CARBONDALE, Ill. (AP) - There are about as many models for community gardens as there are gardens.

Many community gardens offer a space to garden in exchange for a small amount of rent for the growing season. At other gardens, volunteers work together and share the harvest.

Common Greens has two garden projects in Carbondale, one on Birch Street and the other on Marion Street.

“We are starting our next community garden complex, Birch Street Community Garden. We are going to try to get a special use permit from the city for a greenhouse,” said Sorrel Kunath of Common Greens. “It’s about a block wide. We are trying to get folks involved in the committee to make plans.”

Their first garden, Marion Street Community Garden at 301 N. Marion St., offers garden plots to members of the community in exchange for a small amount of rent. Kunath said the rent basically pays the water bills. It currently has 22 raised beds.

Last year, the Marion Street Community Garden had five or six neighborhood families rent space and another three or four who lived outside the neighborhood. A youth group also used several spaces in the garden. Common Greens is planning to install a rainwater collection system and plant some fruit trees.

“In the spirit of ‘Can you Dig This,’ we’d like to get local folks involved,” Kunath said.

Kunath said volunteers are needed at both gardens. The work of clearing at Birch Street Community Garden has already begun.

“They can basically volunteer with us and we will provide the space for them to garden,” Kunath said.
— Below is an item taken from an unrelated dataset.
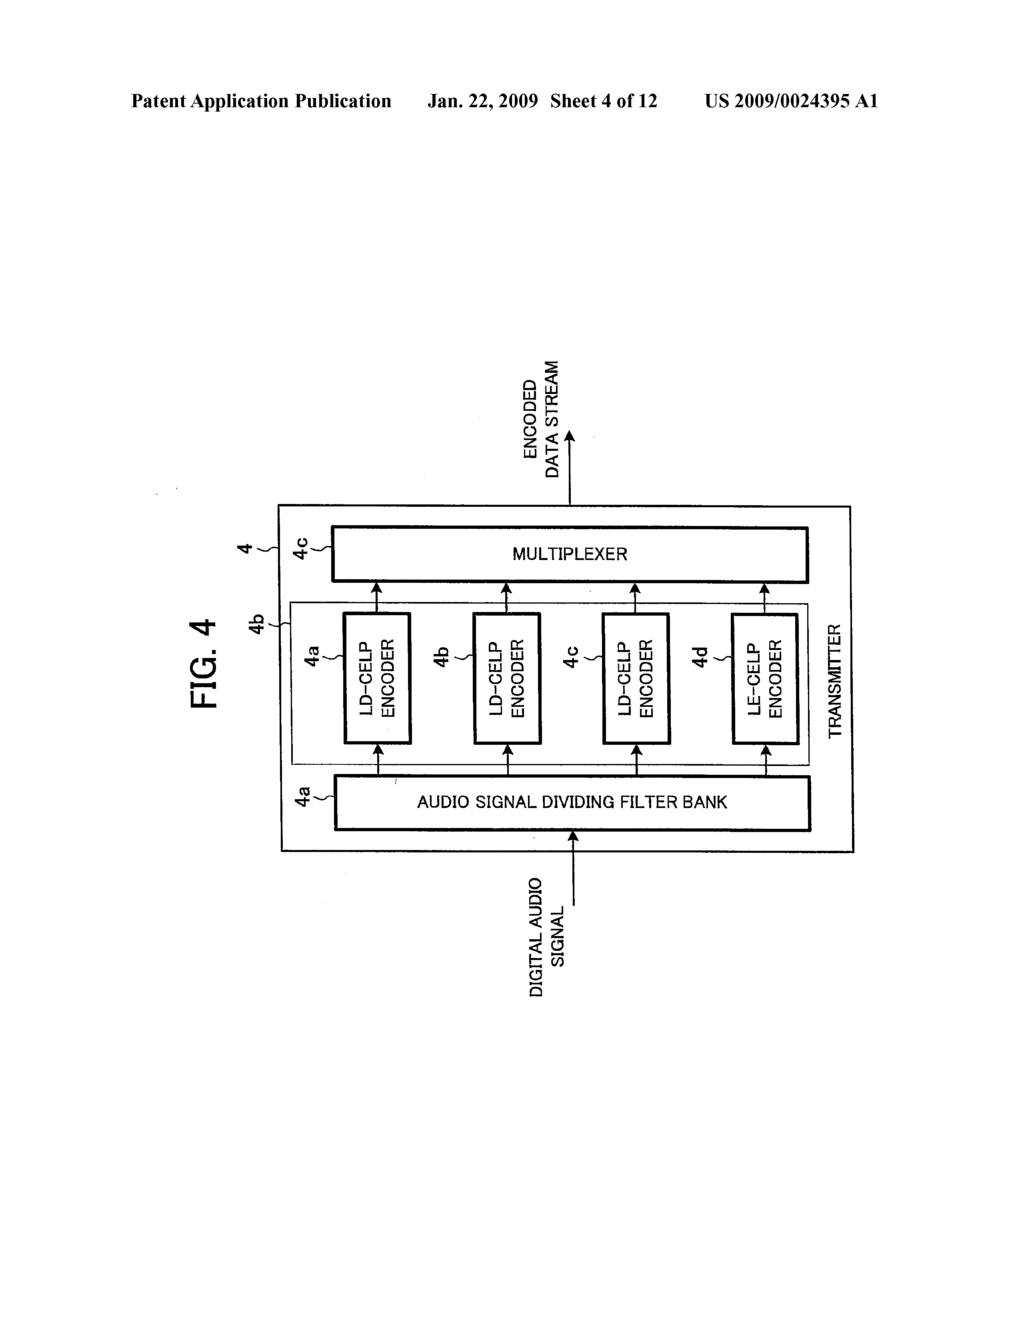 Microphone System Diagram Diy Enthusiasts Wiring Diagrams Xlr Audio Signal Encoding Method Decoding Rh Patentsencyclopedia Com 4 Pair Parts

Marion Street is set up for renting. A household can have more than one plot if all of the plots are not claimed.

“Both gardens are previously owned by the city. It is our second successful attempt to convert vacant land,” Kunath said. “We hope to maintain good relationship with the city.”
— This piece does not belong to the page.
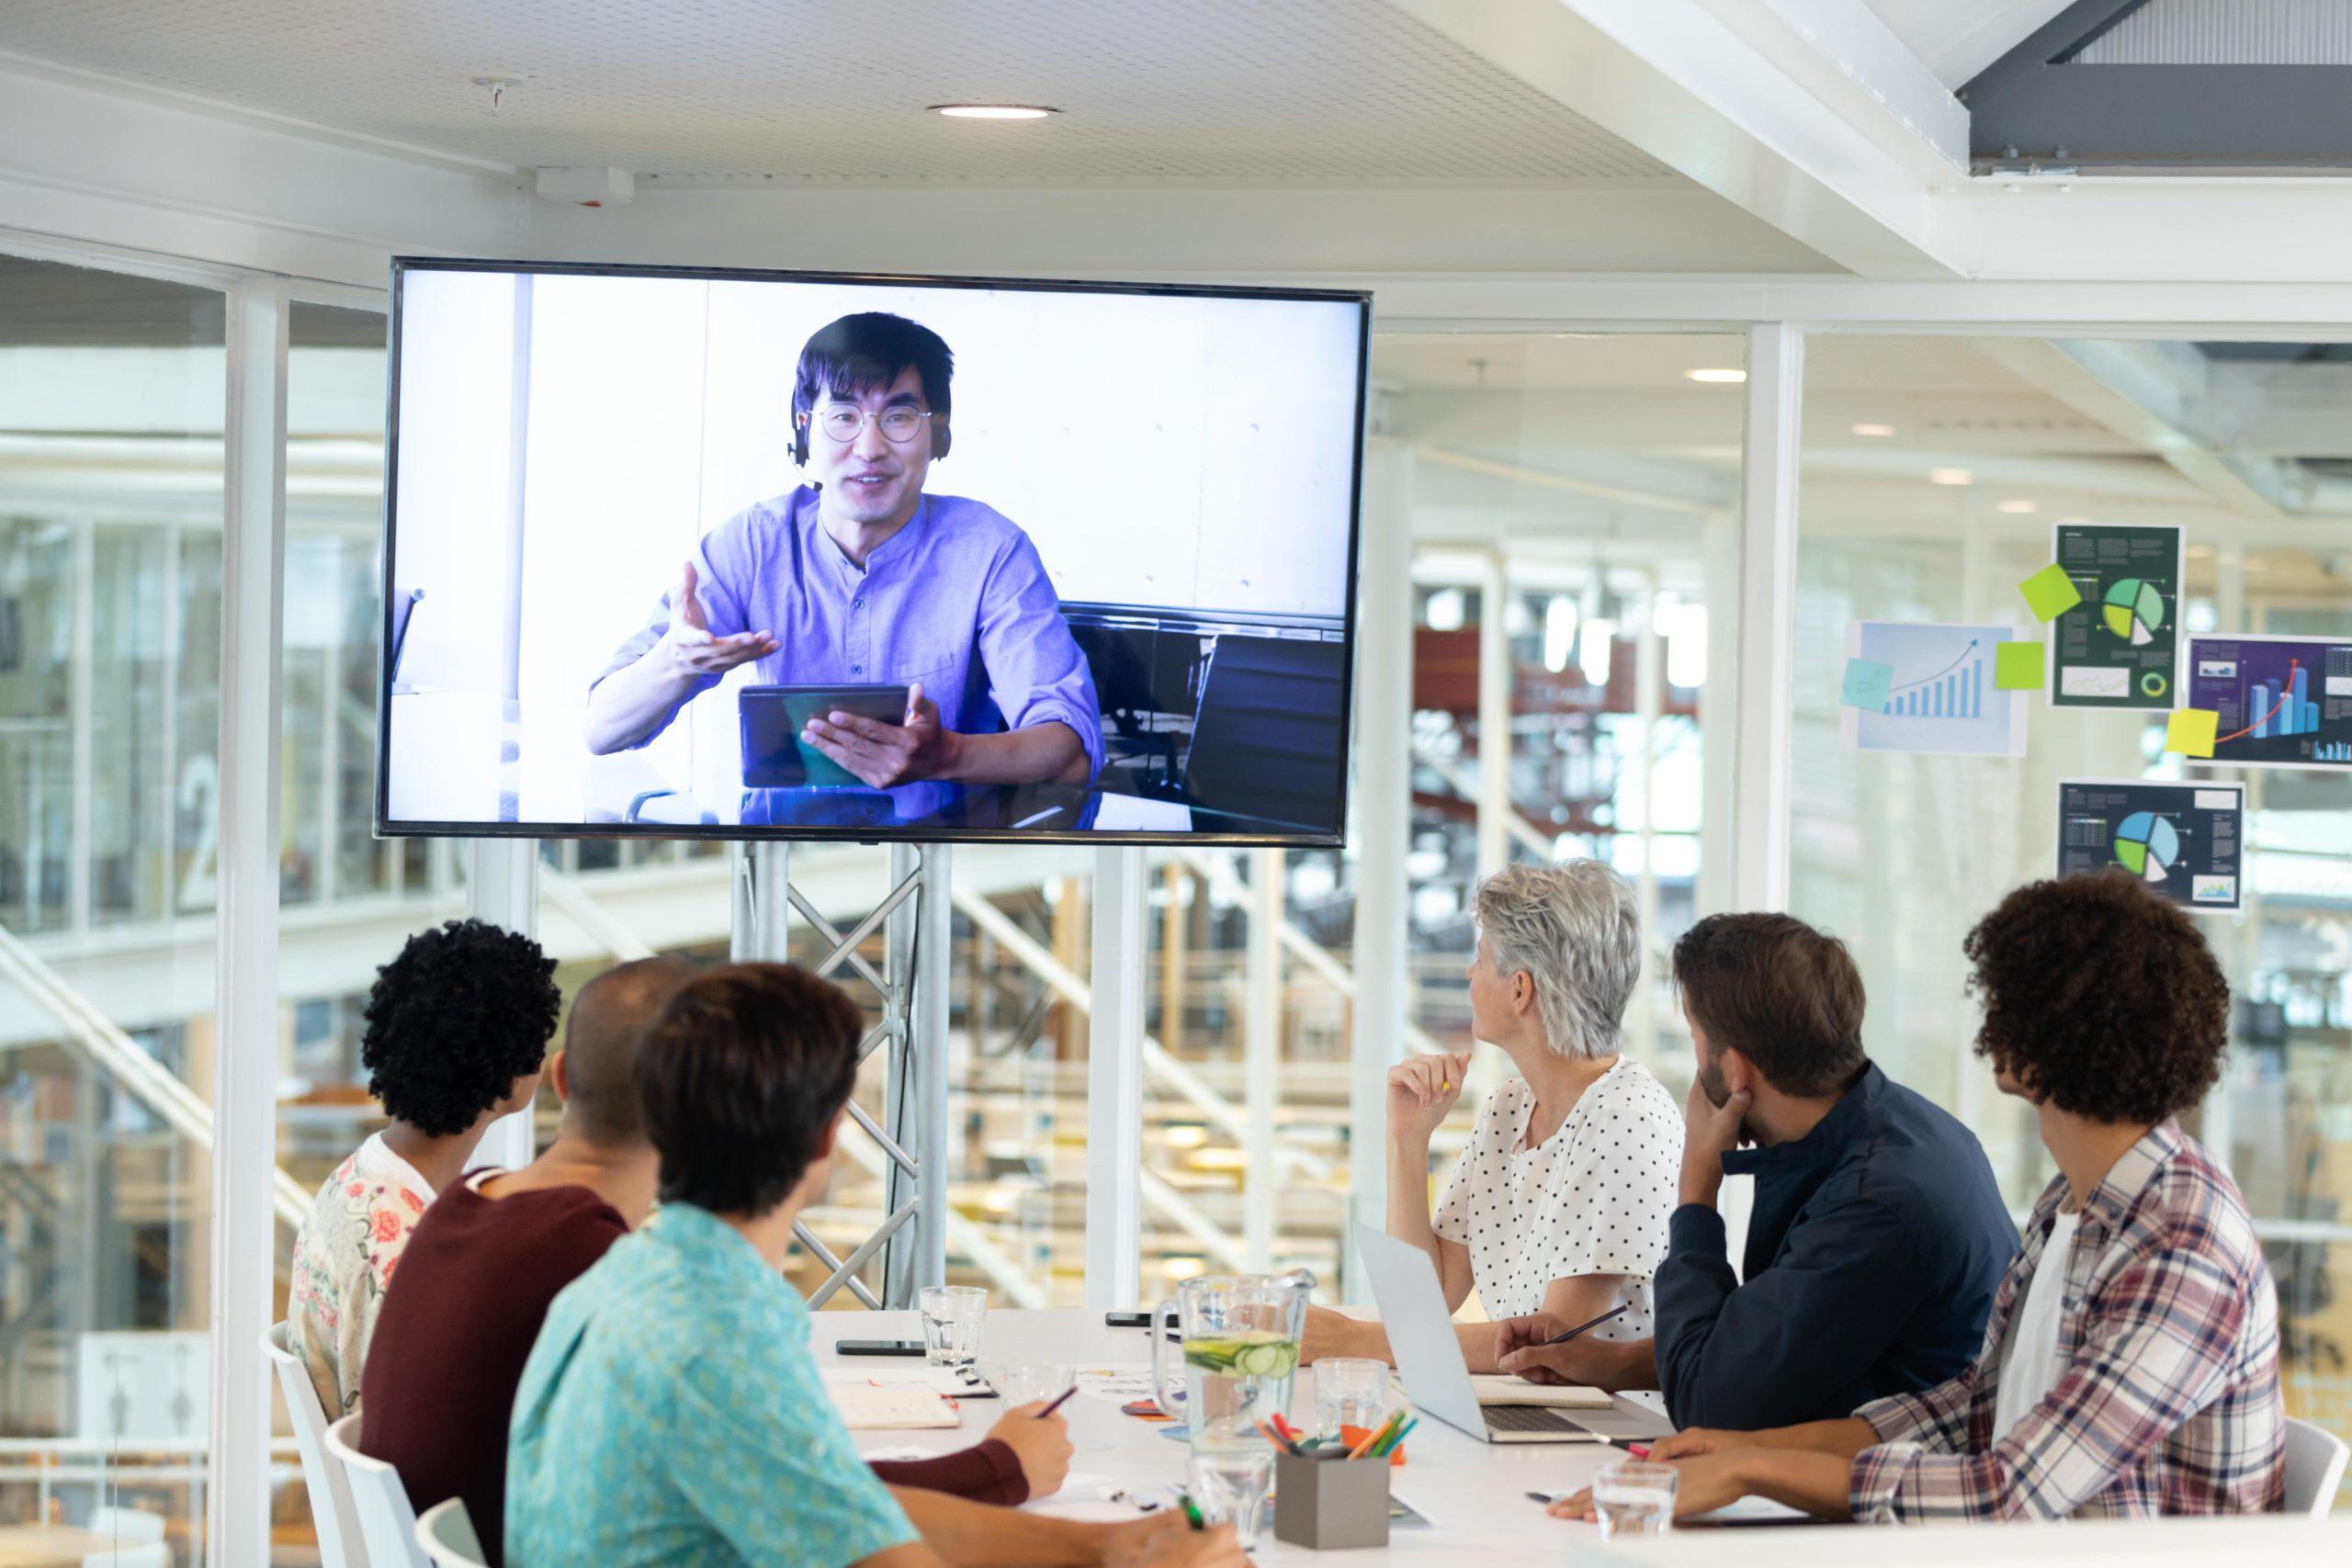 oratory training in company

To volunteer or for more information, contact Kunath at [email protected] or call 618-303-0703.

Flyover Community Gardens offers volunteers a chance to work in exchange for produce. Volunteers work in the garden throughout the growing season, and they will receive a share of fresh produce.

The garden includes 15 raised beds and a food forest. The raised beds follow a hugelkultur model, meaning the beds are raised by burying logs and covering them with soil and mulch.

The garden group meets Sundays at Flyover Infospace across the street from the garden.

Orlan and Chastity Mays of Mustard Seed Sowers Urban Farm use their community garden to educate the public about gardening in general, as well as sustainable gardening techniques.

Because the garden is located in a neighborhood, a lot of people stop to admire the garden and ask questions.

“We don’t have where you can rent space. People can come, see what we are doing and ask questions,” Chastity Mays said. “We are in the community and want to start the conversation. They can come to us any time and we will teach them about sustainable growing.”

Mays said they saw the empty lot seven years ago and wanted to get their own garden plot and grow their own food. The couple is committed to using no chemicals or machinery in their garden. They wanted to show people that gardening does not require fancy equipment. The garden now has a hoop house, too.

“Orlan is the one who grows all the food,” she said. “He does all the hard work.”

The couple also works with children a lot, mostly through a literacy program. They have been coming to the garden once a week to work and will be responsible for growing their own food.

“Teaching them at a young age is important, and teaching about the health benefits of fresh vegetables. They will be able to do this on their own,” Mays said.

The Mays sell their produce at the winter indoor farmers market on Saturday mornings in Carbondale Community High School. On April 20, the market will move to an outdoor spot in the heart of Carbondale.

For the Mays, the best judge of their success is their influence.

“We had a neighbor who had never eaten kale, but he watched us grow it for several years. He asked about it, and we gave him some. He now eats kale on a regular basis,” Mays said.